The Italian Environmental Fund (FAI) on October 15 is opening the doors of over 600 sites, including historic palaces and gardens, as part of the campaign “Let’s remember to save Italy”.
The association, which works to restore and preserve Italy’s artistic and environmental treasures, will offer this year 170 different itineraries across Italy with 800 young volunteers working as tour guides.
The tours will explore locations of great cultural interest that are usually closed to the public.
They include in Rome parts of the Janiculum, the private apartments of the Corsini palace and the secret garden of Villa Farnesina.
In Naples, tours will focus on different trades, such as tailoring with a visit to the famous atelier that made the costumes for Luchino Visconti’s movie Il Gattopardo.
In Sicily’s Alcara Li Fusi, near Messina, visitors will try to get a glimpse of a royal eagle along the so-called ‘path of the griffon’.

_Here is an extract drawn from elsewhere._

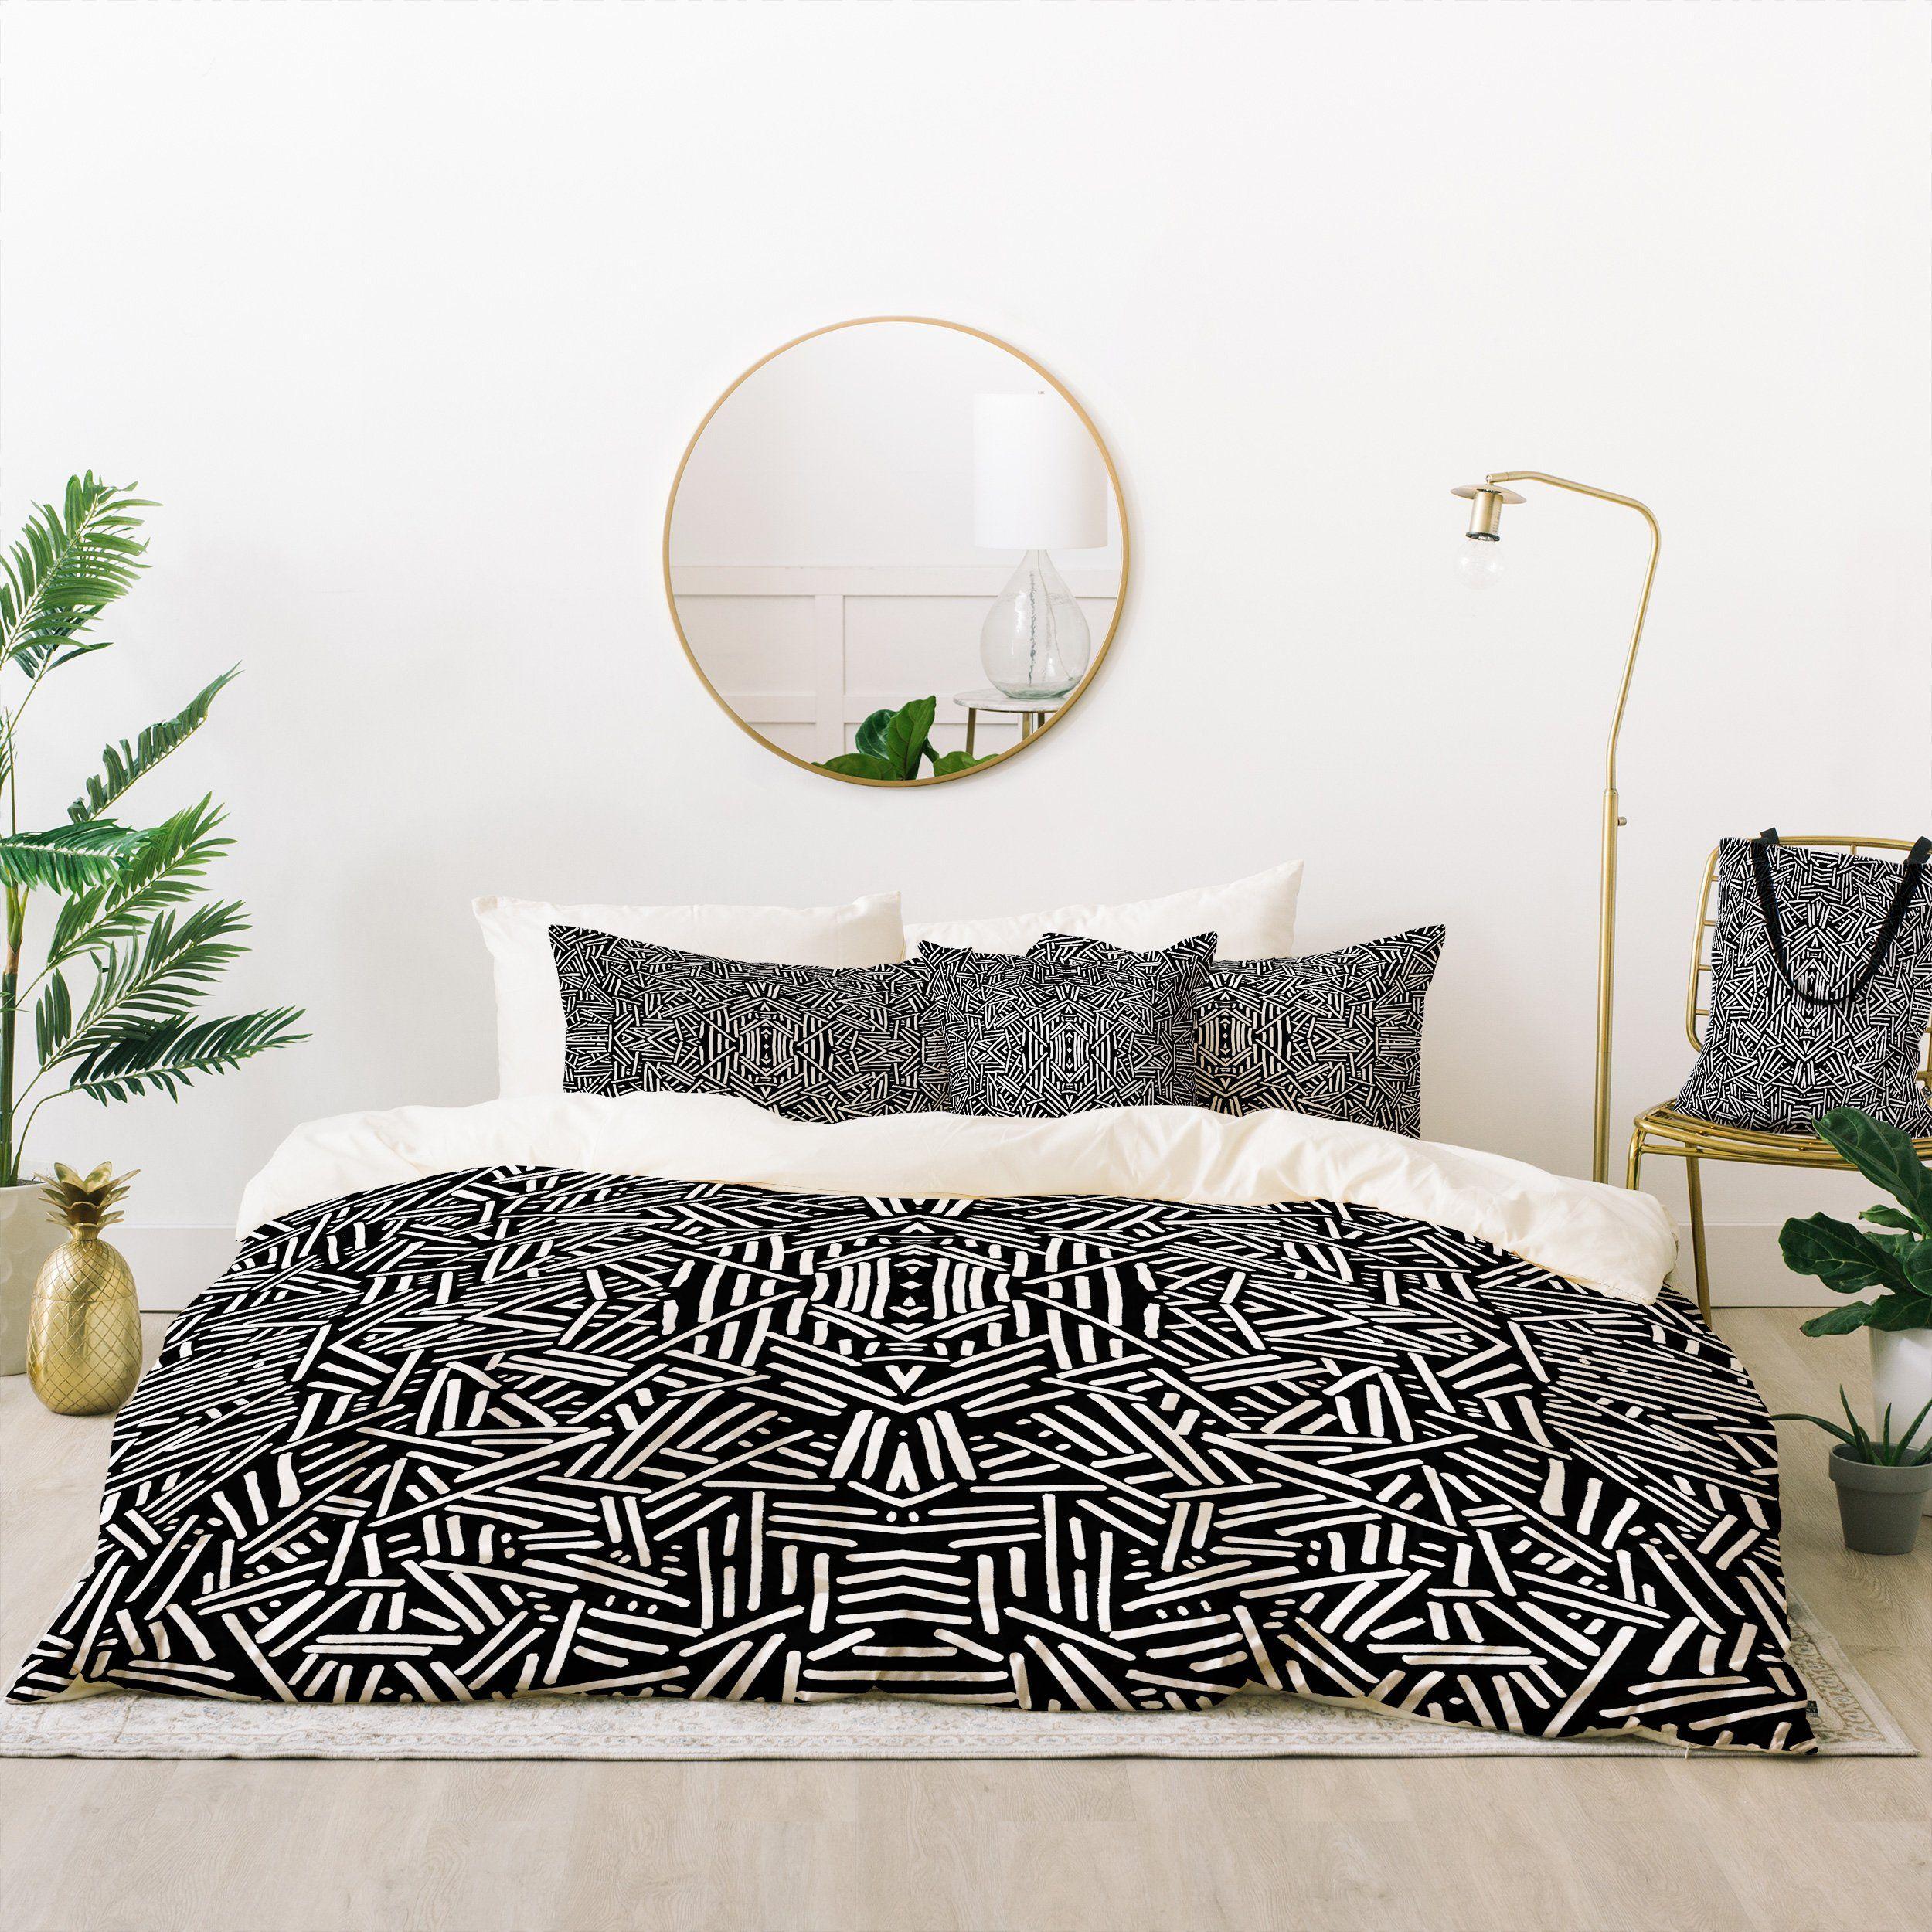 jacqueline maldonado radiate black white bed in a bag duvet throw
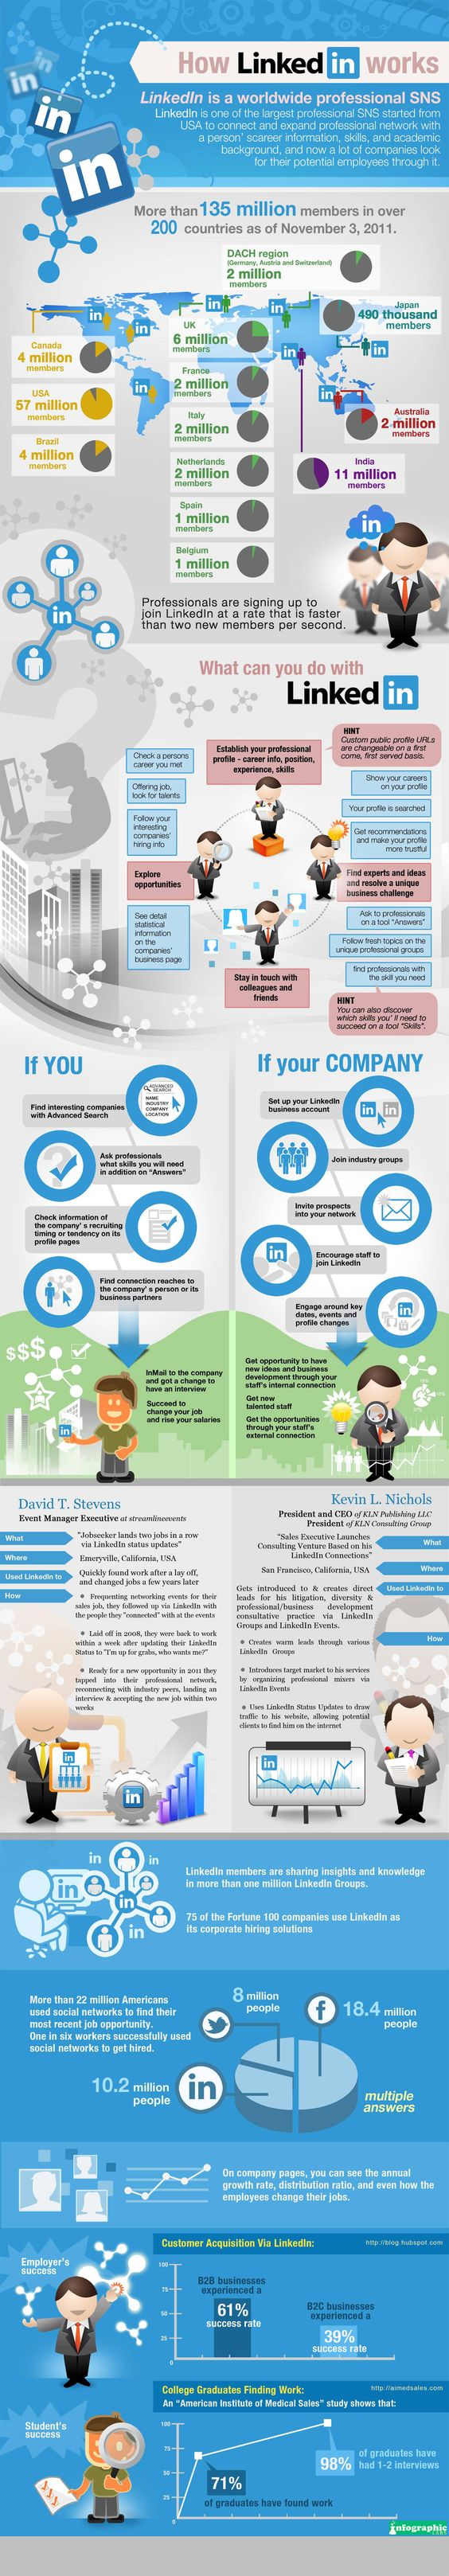 Como trabaja LinkedIn – #infografia #infographic

FAI Vice-President Marco Magnifico said that almost every city or town across the country has some unknown treasure that will open to the public, such as the crypt in the Temple of Bramante at the convent of San Pietro in Montorio in Rome and the Grand Hotel Campo dei Fiori in the northern city of Varese, a Belle Epoque architectural masterpiece by Giuseppe Sommaruga.
In Milan, Palazzo Mondadori in Segrate, near Milan, designed by Brazilian architect Oscar Niemeyer, will open its doors, along with the theater Piccolo Teatro.
The famous monastery in the southern town of Padula near Salerno will also be opening, enabling visitors to admire, among other things, the library’s 18th-century ceramics by Giuseppe Massa.
In Palermo, the archaeological museum will showcase its first-floor rooms, which are usually closed to the public, with rare travel books and 16th-century maps, among other things.
Venice will offer a glimpse of the Porta Nuova Tower at the Arsenal.
Music will also be part of the itineraries, a first for the event which will have as its face a 20-year-old pianist from Zagreb, Ivan Krpan, who has just been awarded the prestigious Busoni prize.
FAI’s 2017 campaign is also promoting new memberships with the objective of reaching 165,000 members by the end of the year and raising at least one million euros.
A total of 900,000 euros were raised in 2016.
The fund said that it invested 11 million euros in the management of sites in 2016, including four million euros for restoration work.
It expects expenses to go up 6% with new sites opening in future, including in 2019 Giacomo Leopardi’s ‘Colle dell’Infinito’ on Mount Tabor in Recanati and the Abbey of San Fruttuoso where the Sala Capitolare will be transformed into a laboratory open to visitors.